Это видео демонстрирует подготовки первичных нейронов культур из мозга дрозофилы поздней стадии куколки. Просмотров живых культур показывают результат аксонов и отображения уровня кальция использованием Фура-2.
В этом видео, мы демонстрируем подготовки первичных нейронов культур из мозга дрозофилы поздней стадии куколки. Процедура начинается с удаления из мозга животных на 70-78 часов после пупария образования. Изолированные мозги показываются после краткой инкубации в папаин последовало несколько моет в бессывороточной ростовой среды. Процесс механической диссоциации каждой мозга в 5 мкл капли СМИ на покровное иллюстрируется. Аксонов и дендритов после митотического нейроны sheered с рядом сома в период раздробленности, но нейроны начинают восстанавливать процессы в течение нескольких часов обшивки. Изображения показывают живые культуры на 2 дня. Нейроны продолжить разработку процессов в течение первой недели в культуре. Конкретные нейронные популяции могут быть идентифицированы в культуре использованием GAL4 линии ездить ткани конкретное выражение флуоресцентные маркеры, такие как GFP и RFP. Всего записей ячейки продемонстрировали культурные нейроны формируют функциональные, спонтанно активных холинергической и ГАМК-синапсы. Короткий сегмент видео иллюстрирует динамику кальция в нейроны культурный использованием Фура-2 в качестве красителя показатель кальция для контроля спонтанной переходных кальция и никотина вызвала ответы кальция в блюдо культурный нейронов. Эти куколки культур мозга полезной модели системы, в которой генетические и фармакологические средства могут быть использованы для определения внутренних и внешних факторов, которые влияют на формирование и функции центральных синапсов.

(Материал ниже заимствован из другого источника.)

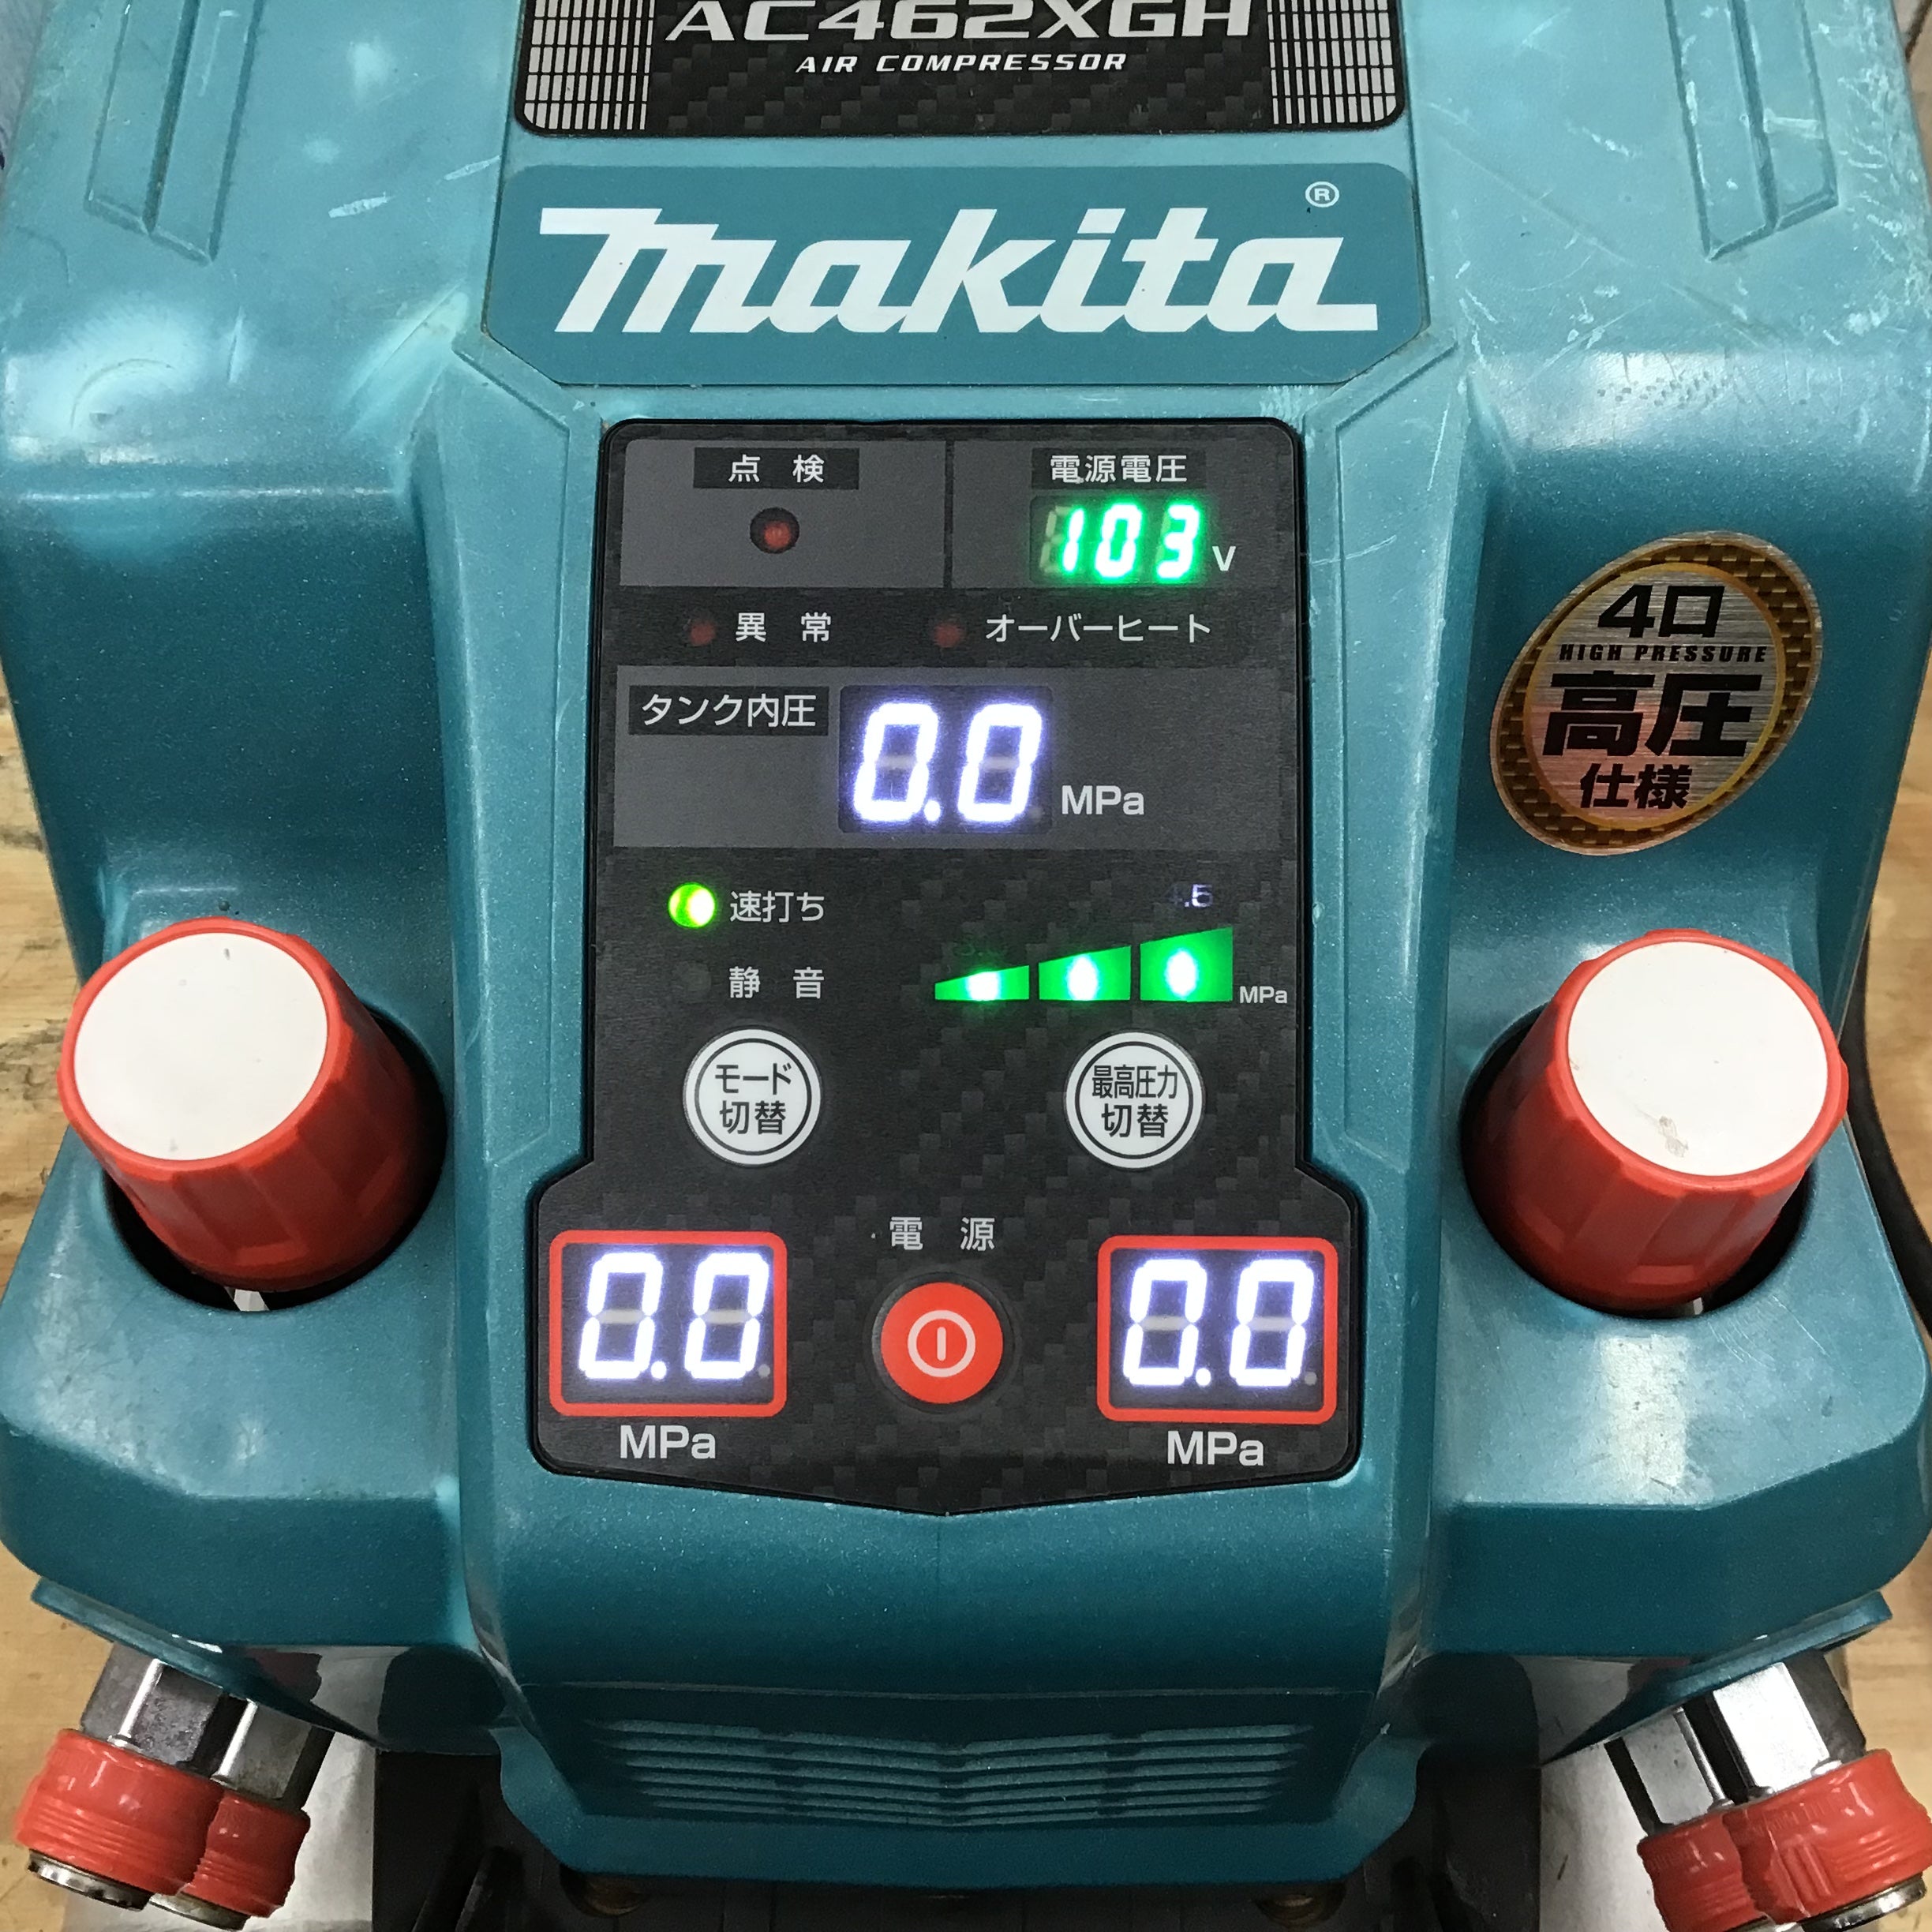 ★マキタ(makita) エアコンプレッサー AC462XGH【柏店】

Нейроны найденным на мозг эмбриональных / послеродовой грызуны могут быть выращены в первичной культуре клеток, где они распространяются невриты и форма функциональной синаптических связей. Методы подготовки этих культур, хорошо известны и учится в грызунах нейронных культур сыграли решающую р…
Эта работа была поддержана NIH грант NS27501 к DKOD. Дополнительная поддержка для этой работы был предоставлен грант на UC Irvine в поддержку DKOD в рамках Программы профессор HHMI.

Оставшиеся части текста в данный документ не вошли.